2011-07-25 23:17:25 | 日記
友人が撮ったナポリの八百屋さん


帰国してから初めてスーパーマーケットに行ったとき、私は野菜売り場でうっとかたまってしまった。トマトが並べられた一角に、「トマト1個100円」という札を見つけたからだ。えっ、トマト1個100円?1個100円って、1個100円って、どういうこと?これ、1キロの値段じゃないの?どきどき。

少し気を取り直して周りを見渡せば、他の野菜にも「きゅうり特価1本48円」とか、
「なす2個100円」とか書かれた札がついている。1束100円のホウレンソウなんて、ほんの数枚しか葉っぱが入ってない。青森産ニンニクなんて、「1個198円」!
なんてことだ。これはあんまりなんじゃないだろうか。他のお客さんたちは、別に文句をいいもせず、取り乱しもせず、冷静にお買い物をしている。

しばらく野菜売り場をうろうろして仔細に点検して回ったのち私は、はああ、と深いため息をついた。日本の物価は高いと思ってたけど、これほどとは予想してなかったのだ。私の認識が甘かったです、いや恐れ入りました。
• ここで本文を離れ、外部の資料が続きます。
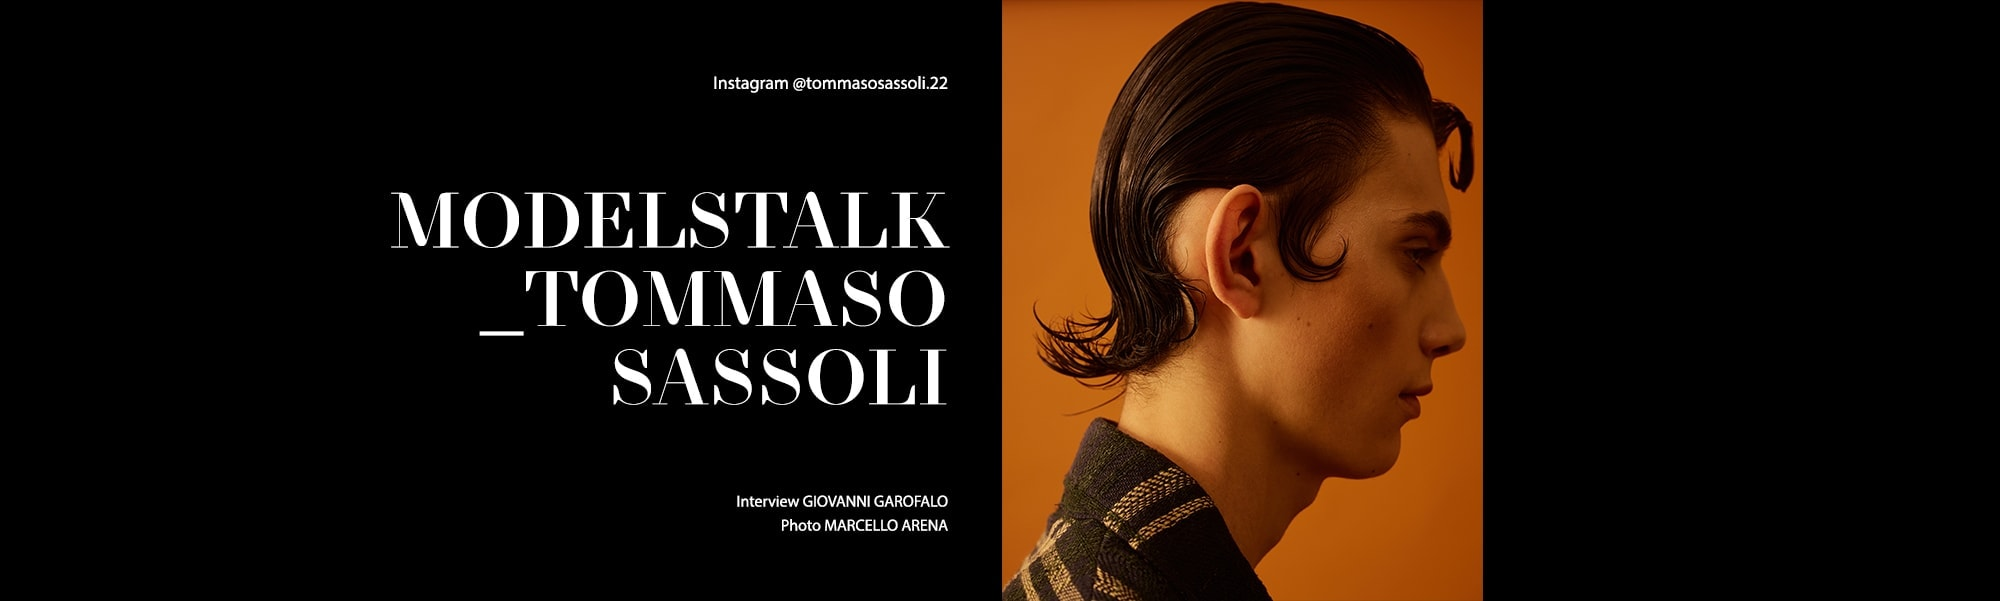 tommaso-sassoli-banner-landing-thegreatestmagazine-talking-heads

日本の物価水準に脱帽です。

エジプトやシリアなどの、安さの殿堂みたいな国と日本を比べてもしょうがないけど、比較的物価が高いトルコでも、トマトは1キロ150円いかなかった。モノによるけど、トルコの物価は、日本の半分から3分の2くらいなイメージである。もちろんイタリアの物価はもっと高くて、日本と大して変わらなかったが、それでも野菜はもっと安かったという記憶がある。ユーロの値段にもよるけど。
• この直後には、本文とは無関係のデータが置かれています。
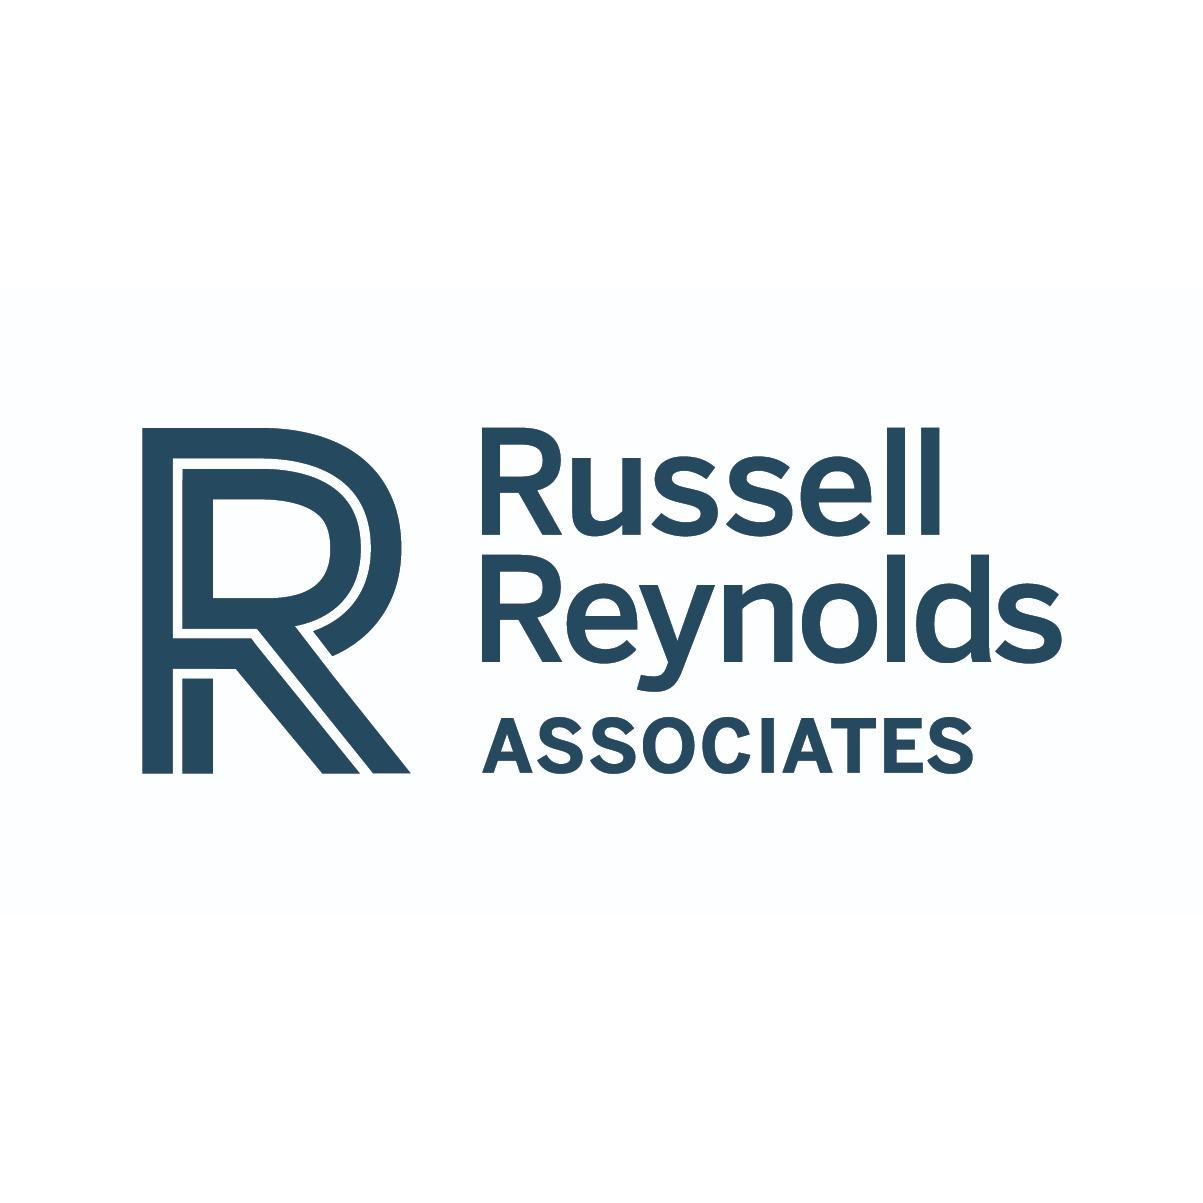 the Russell Reynolds Associates logo.

そもそもトマト1個何円、ピーマン1パック何円という価格表示自体が、私には不可解である。トマト1個の重さは個体により異なるし、ピーマン1パックの値段が安いのか高いのか、他の店のものと正確に比べられなくて、消費者にとって不便じゃないですか!

私がいままで住んだ国は、どこも野菜はキロ売りだった。トマト1キロ40円とか、タマネギ1キロ20円とかいった具合である(これはシリアの値段)。1キロあたりの価格が表示されているので、他の店と比べて安いか高いか、一目瞭然。だからって別に1キロ単位で買わなきゃいけないわけではなくて、少量ずつ買っても、ちゃんと重さを計って値段を計算してくれるのだ。

イタリアのスーパーでは、お客が自分で野菜を好きなだけナイロン袋に入れて、店内に設置された自動計量器にのせてボタンを押し、打ち出されたラベルを袋に貼り付けて、レジで支払うシステムを取っている。これはとても効率がいいやり方だと思いませんか。お客が自分で野菜を1個ずつ選べるし、店側としても余計な人件費がかからないし、出荷する側も、パック詰めの手間が減る。もちろん野菜だけでなく、肉も魚もオリーブの漬物もチーズもハムも、色んなものが量り売りされている。

日本でも穀物や肉類は量り売りなのに、どうして野菜はそうじゃないのだろう。4個何円とか、1パックいくらとか、消費者をごまかすためにやっているとしか思えないのだが。市場の自由競争を促すためにも、これからはぜひ野菜も1キロ単位で売っていただきたい。

日本の価格体系に革命を起こそう!でももちろん無血革命よ。